Fee Schedule:
Let Docs Choose Level For 'Welcome to Medicare' Exam Codes, AMA Urges
Published on Fri Oct 08, 2004
With the Centers for Medicare & Medicaid Services planning to issue its final 2005 Physician Fee Schedule rule on Nov. 1, physicians are holding their breath for some changes from the proposed rule.
In comments submitted in late September, the physician societies urge CMS to:
Account for increased utilization of physician services that will result from the preventive benefits that Congress is adding to Medicare. Otherwise, under the sustainable growth rate formula the increased spending will lead to deeper cuts in physician rates in the future, warns the American College of Physicians. The new preventive services will trigger increased visits, lab tests, diagnostic tests and procedures. Other services that will raise spending include professional shortage area payments, clinical trial costs and the face-to-face requirement for any durable medical equipment, prosthetics, orthotics or supplies prescription, notes the American Medical Association.
ACP and the AMA also asks CMS to remove drugs from the SGR. The AMA notes that CMS treats drugs as "not a 'physician' service" elsewhere.
Reinstate the six minutes for discharge management that it removed from facility-based RVUs for gastrointestinal endoscopy code 99238. In the proposed rule, CMS said it would remove discharge management from all procedures with 0-day global periods, while keeping it for codes with 10-day and 90-day periods. The missing six minutes account for half the clinical staff time in 99238, complains the American Society for Gastrointestinal Endoscopy.

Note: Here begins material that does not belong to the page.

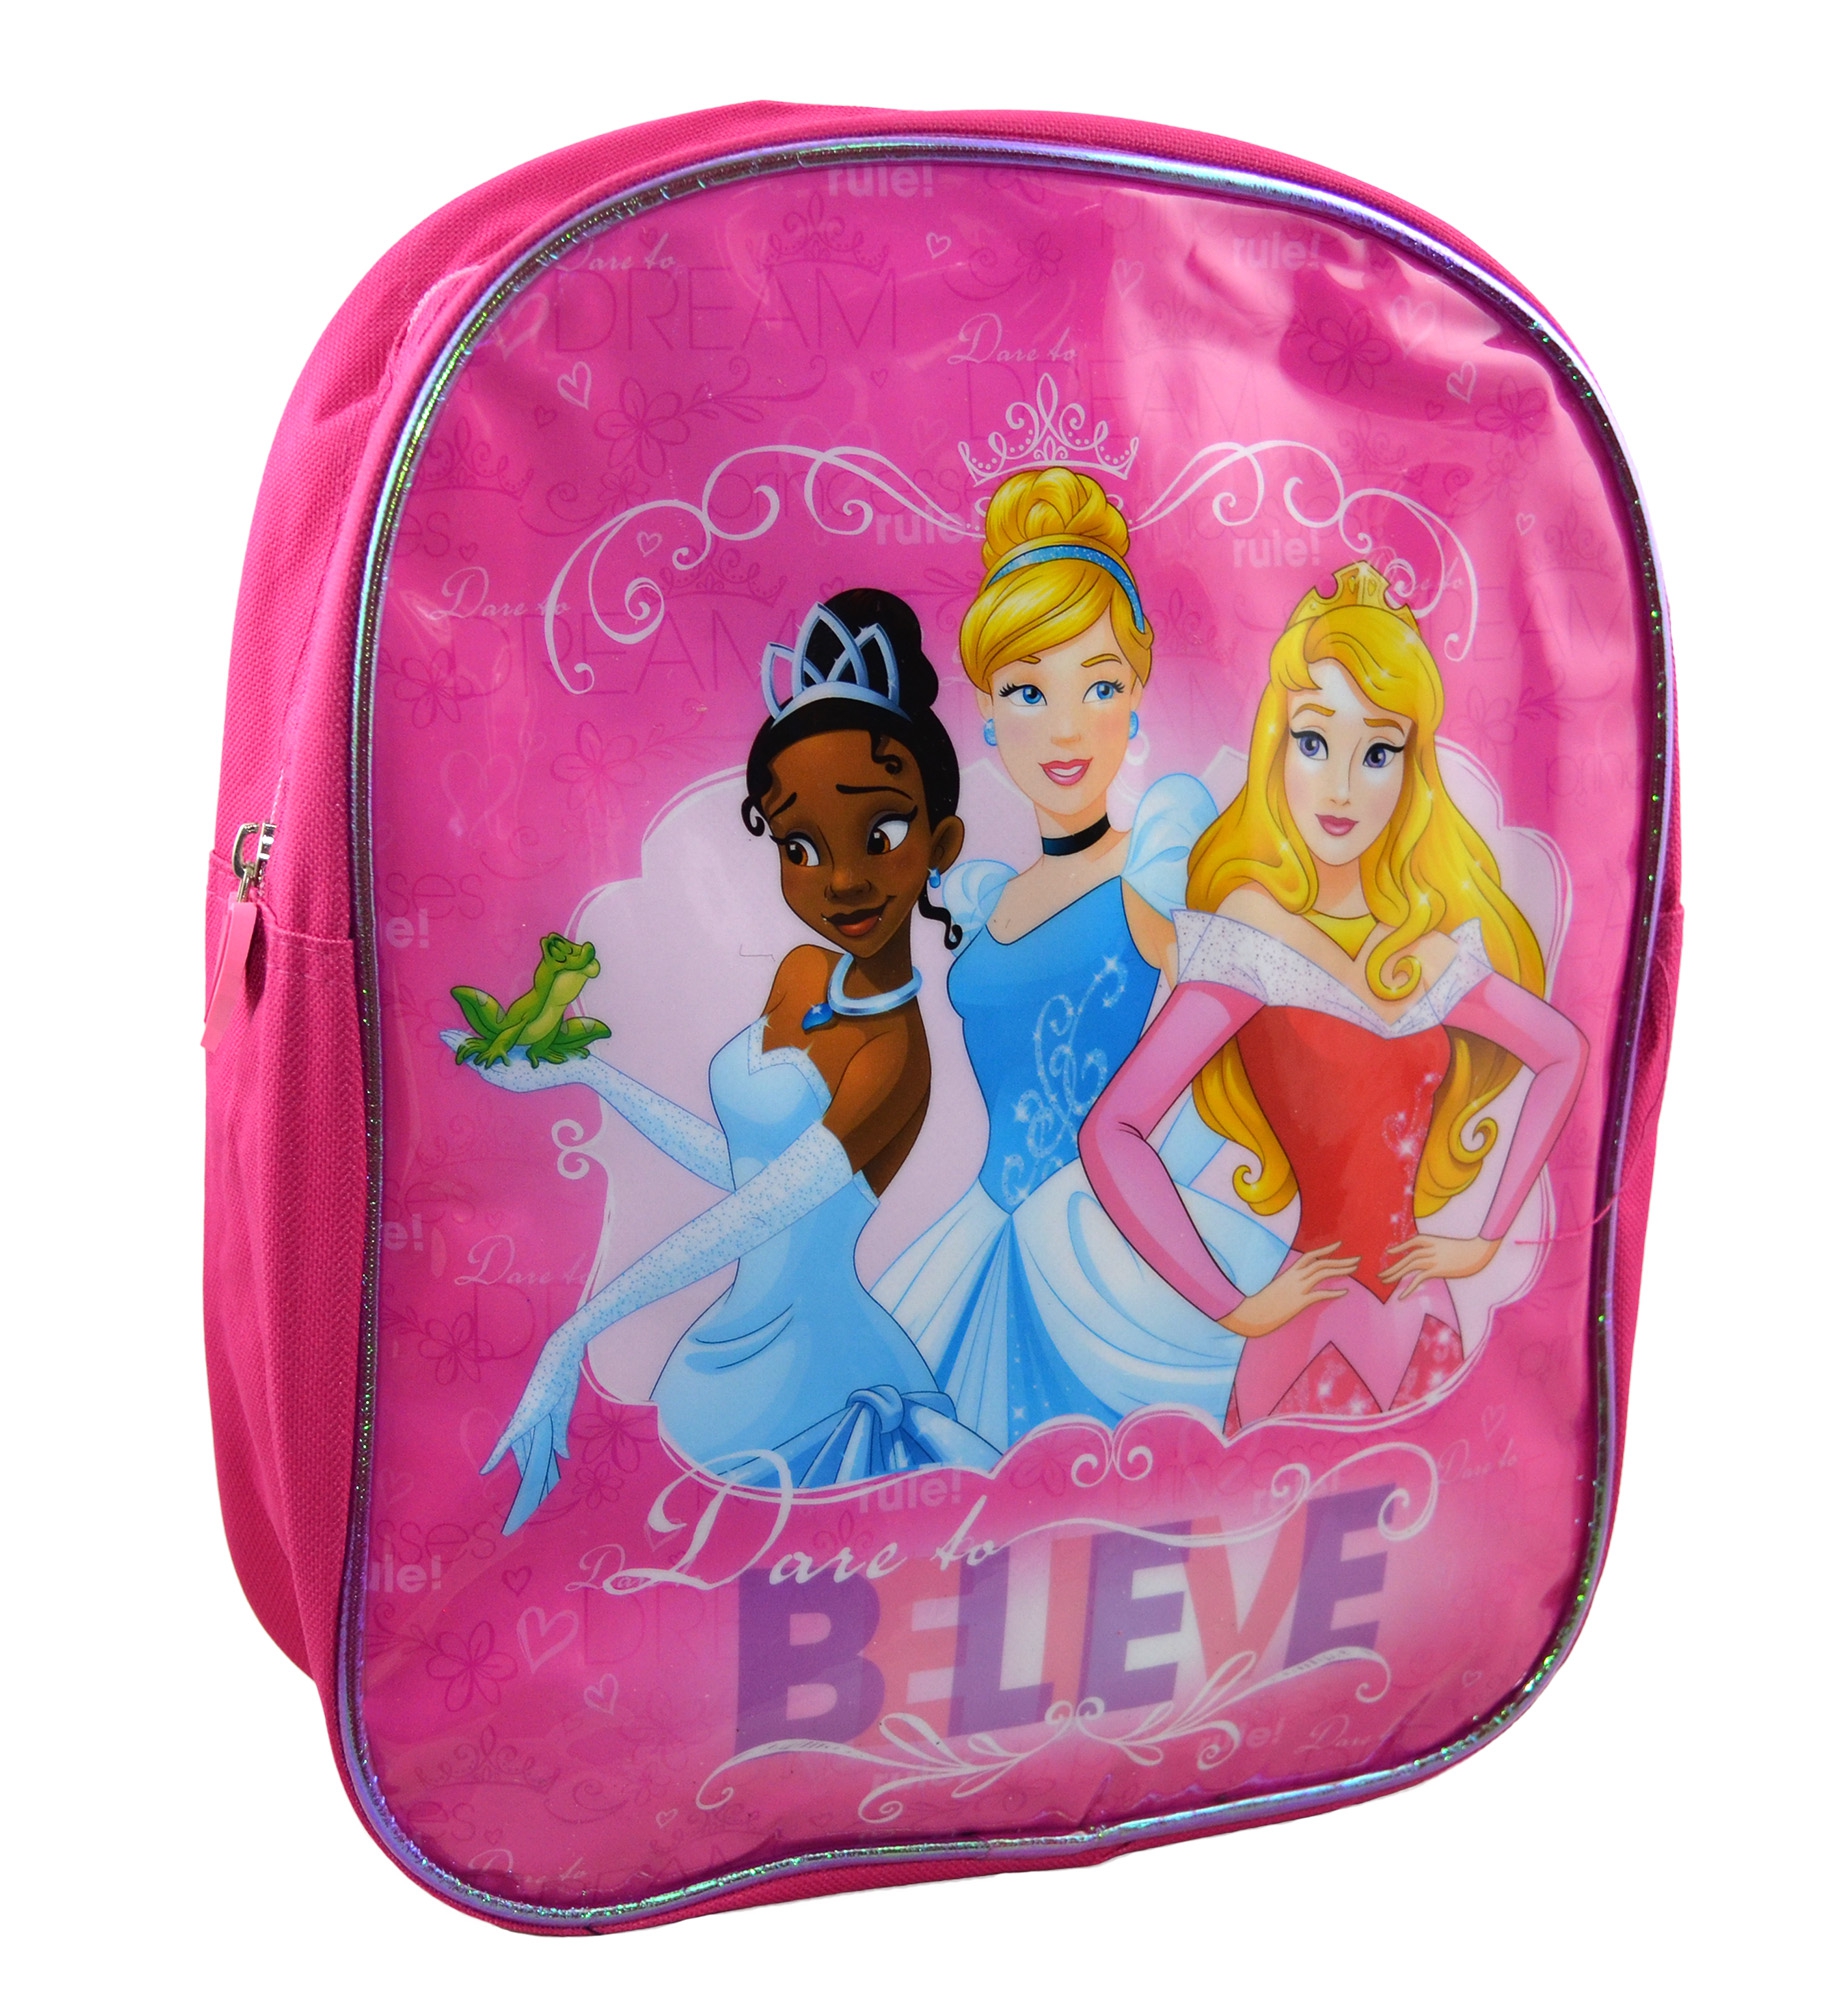 Disney Princess 'Believe' Junior School Bag Rucksack Backpack

Scrap the planned code for the 'Welcome to Medicare' exam. CMS should instead allow physicians to bill for the exam using a preventive medicine service new or established patient code (99381-99397) along with EKG code 93000, with the appropriate "V" code, such as V70.0. Descriptors for the currently non-covered 99381-99397 are purposely vague and the introductory text says the extent of the services depends largely on the patient's age, the ACP notes.
Also, CMS should clarify whether a physician without an EKG in the office is prohibited from providing this initial exam, or whether he/she must simply attach a modifier such as -52 (Reduced services) to the exam code. CMS also should rescind its proposal to restrict coverage for evaluation and management visits on the same day as preventive physical exams to a level-two visit, ACP insists.
Scrap the requirement for doctors to see all patients face-to-face before prescribing any DMEPOS. For a patient with permanent colostomies, a doctor would have to require visits or make housecalls "to fill periodic supply needs," ACP notes. CMS should develop more clinical criteria for prescribing DMEPOS for which there's a demonstrated need, and identify DMEPOS items for which there's a permanent need that doesn't change.